Deviance.residual | Null.Deviance.Residual | AIC | |
---|---|---|---|
full.model | 1362.084 | 1728.386 | 1400.084 |
reduced.model | 1591.834 | 1728.386 | 1609.834 |
final.model | 1368.659 | 1728.386 | 1390.659 |
Through the process of automatic variable selection, the variables gender, ever_married, work_type, and Residence_type were all removed from the final model. Our final model includes the variables bmi and smoking_status even though they were both found to be statistically insignificant because these two variables have clinical importance. We will look at the odds ratio to interpret the model.
Estimate | Std. Error | z value | Pr(>|z|) | odds.ratio | |
---|---|---|---|---|---|
(Intercept) | -7.3901581 | 0.6047444 | -12.2202996 | 0.0000000 | 0.0006173 |
hypertension | 0.4909446 | 0.1754564 | 2.7981009 | 0.0051404 | 1.6338589 |
bmi | 0.0041574 | 0.0117457 | 0.3539487 | 0.7233773 | 1.0041660 |
smoking_statusnever smoked | -0.0572202 | 0.1865683 | -0.3066985 | 0.7590729 | 0.9443861 |
smoking_statussmokes | 0.3421568 | 0.2289259 | 1.4946185 | 0.1350140 | 1.4079811 |
smoking_statusUnknown | -0.2527804 | 0.2449583 | -1.0319323 | 0.3021038 | 0.7766384 |
grp.glucose150-200 | 0.6523146 | 0.2758073 | 2.3651101 | 0.0180247 | 1.9199797 |
grp.glucose200-300 | 0.4535649 | 0.2395194 | 1.8936459 | 0.0582720 | 1.5739130 |
grp.glucose50-100 | -0.1111053 | 0.2023739 | -0.5490100 | 0.5829986 | 0.8948445 |
age | 0.0694848 | 0.0058696 | 11.8381005 | 0.0000000 | 1.0719558 |
heart_disease | 0.3848055 | 0.2045226 | 1.8814813 | 0.0599065 | 1.4693285 |
Looking at the odds ratio between categories for the groups in the variable grp.glucose, we find that (assuming that the values are the same for the other variables) a person with an average blood glucose level of 150-200 is almost 2.5 times more likely to have a stroke than someone with an average glucose level of 0-50. We can see that in general, the chance of having a stroke increases as blood glucose level increases.
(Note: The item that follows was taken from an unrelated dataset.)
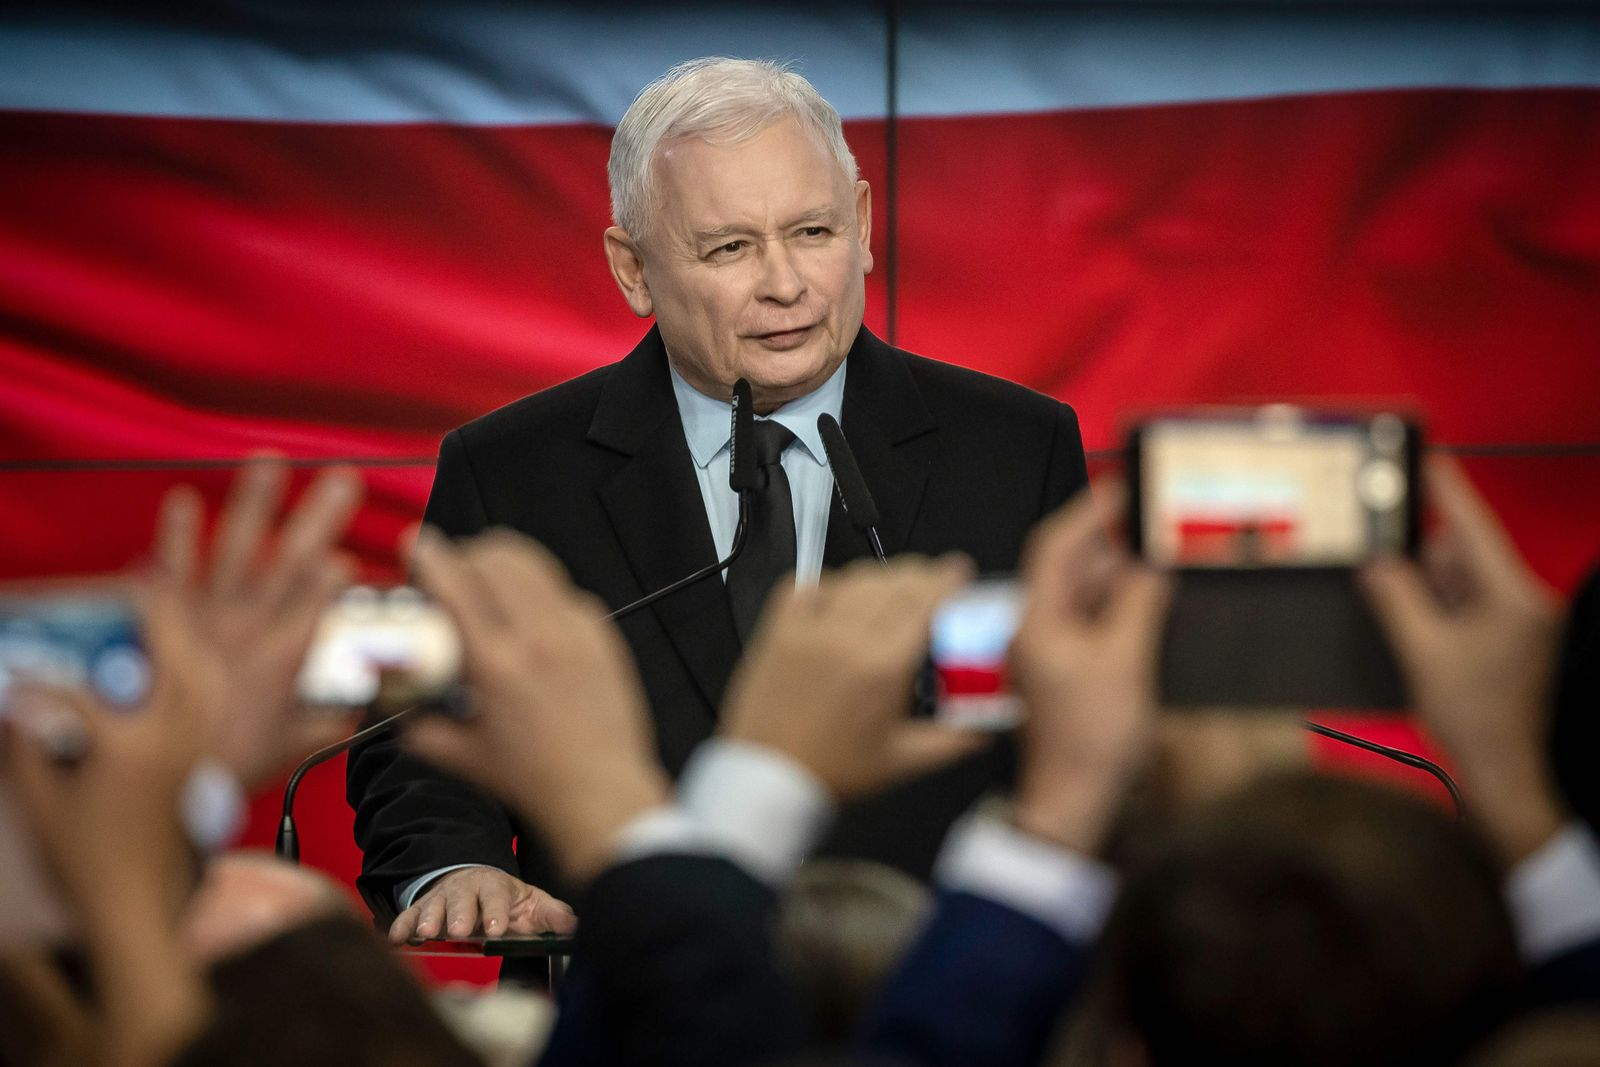 FILES-POLAND-POLITICS-GOVERNMENT-KACZYNSKI
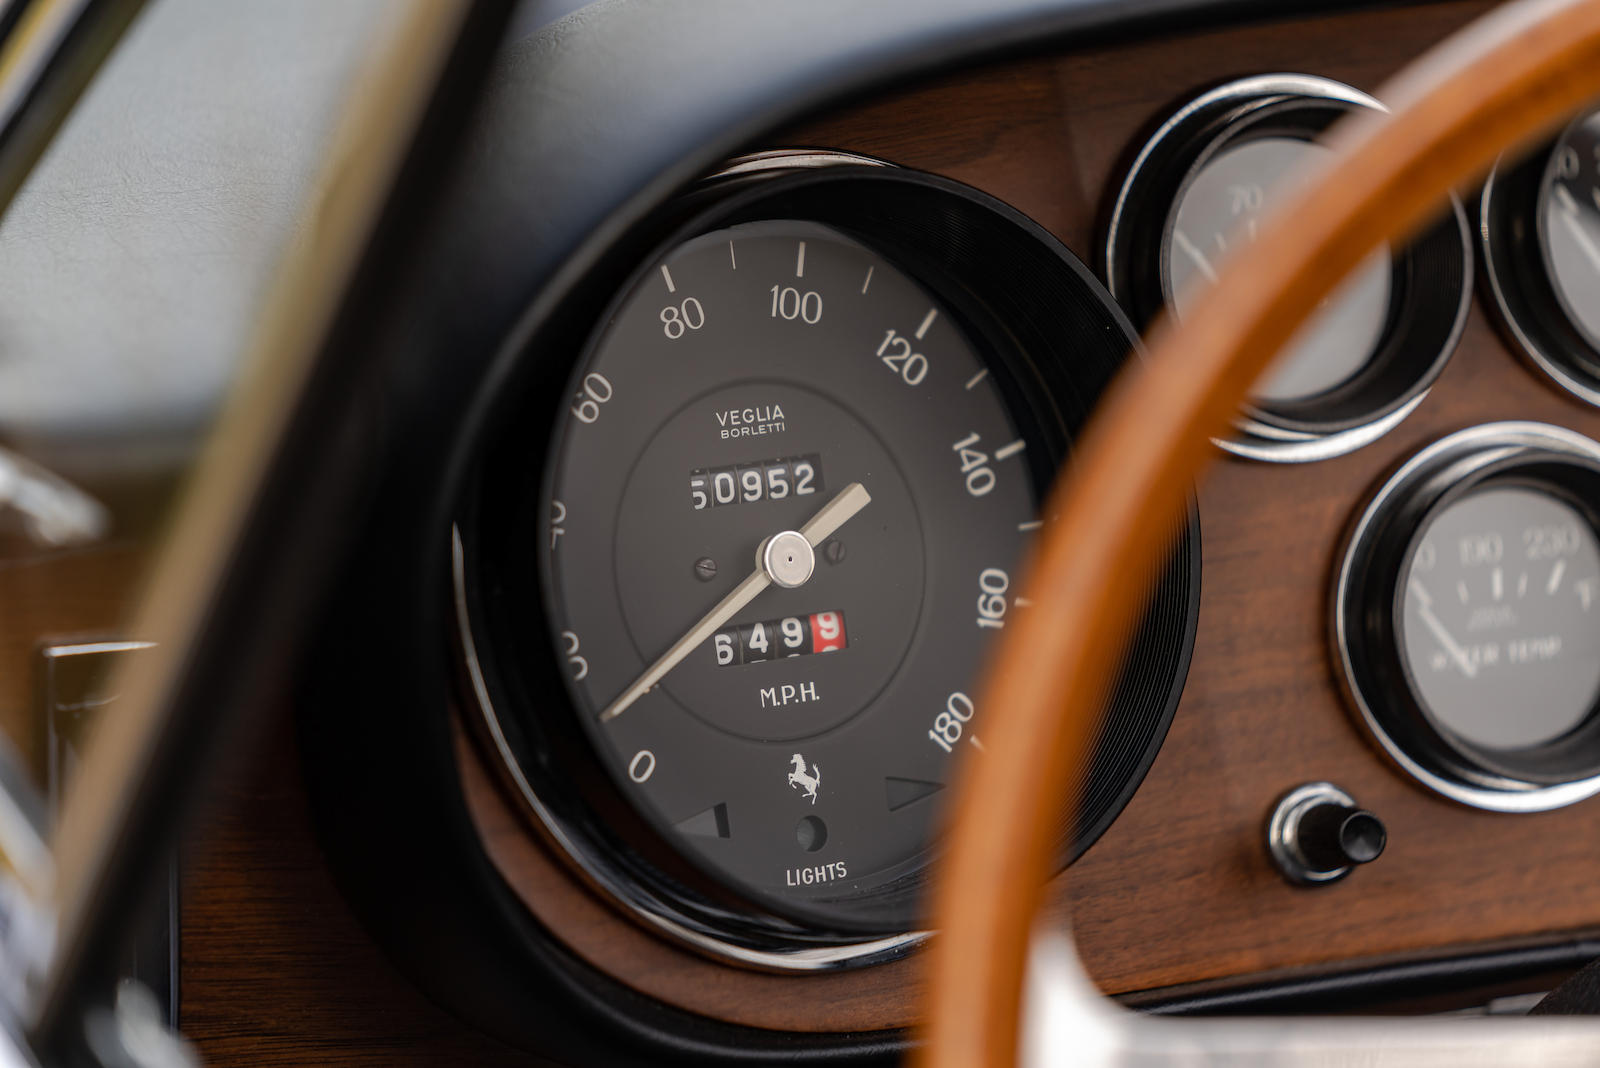 Ferrari 330 GTC Odometer

The case study focused on the association analysis between a set of potential risk factors for diabetes. The initial data set has 8 numerical and categorical variables.
In this report, we examined the association between several possible stroke risk factors. The dataset that we chose included 10 explanatory variables, 3 of which were continuous and the rest categorical. After some initial exploratory analysis, we chose to discretize the variable of avg_glucose_level due to its bimodal distribution.
Because smoking status, hypertension, average glucose level, and BMI are known risk factors for a stroke, we included these clinically important variables in our model regardless of statistical significance. Our final model has the explanatory variables of hypertension, age, heart disease, BMI, smoking_status (with 3 dummy variables) and grp.glucose (with three dummy variables). The variables smoking_status and BMI were found to be statistically insignificant, but we have left them in the model due to their clinical importance.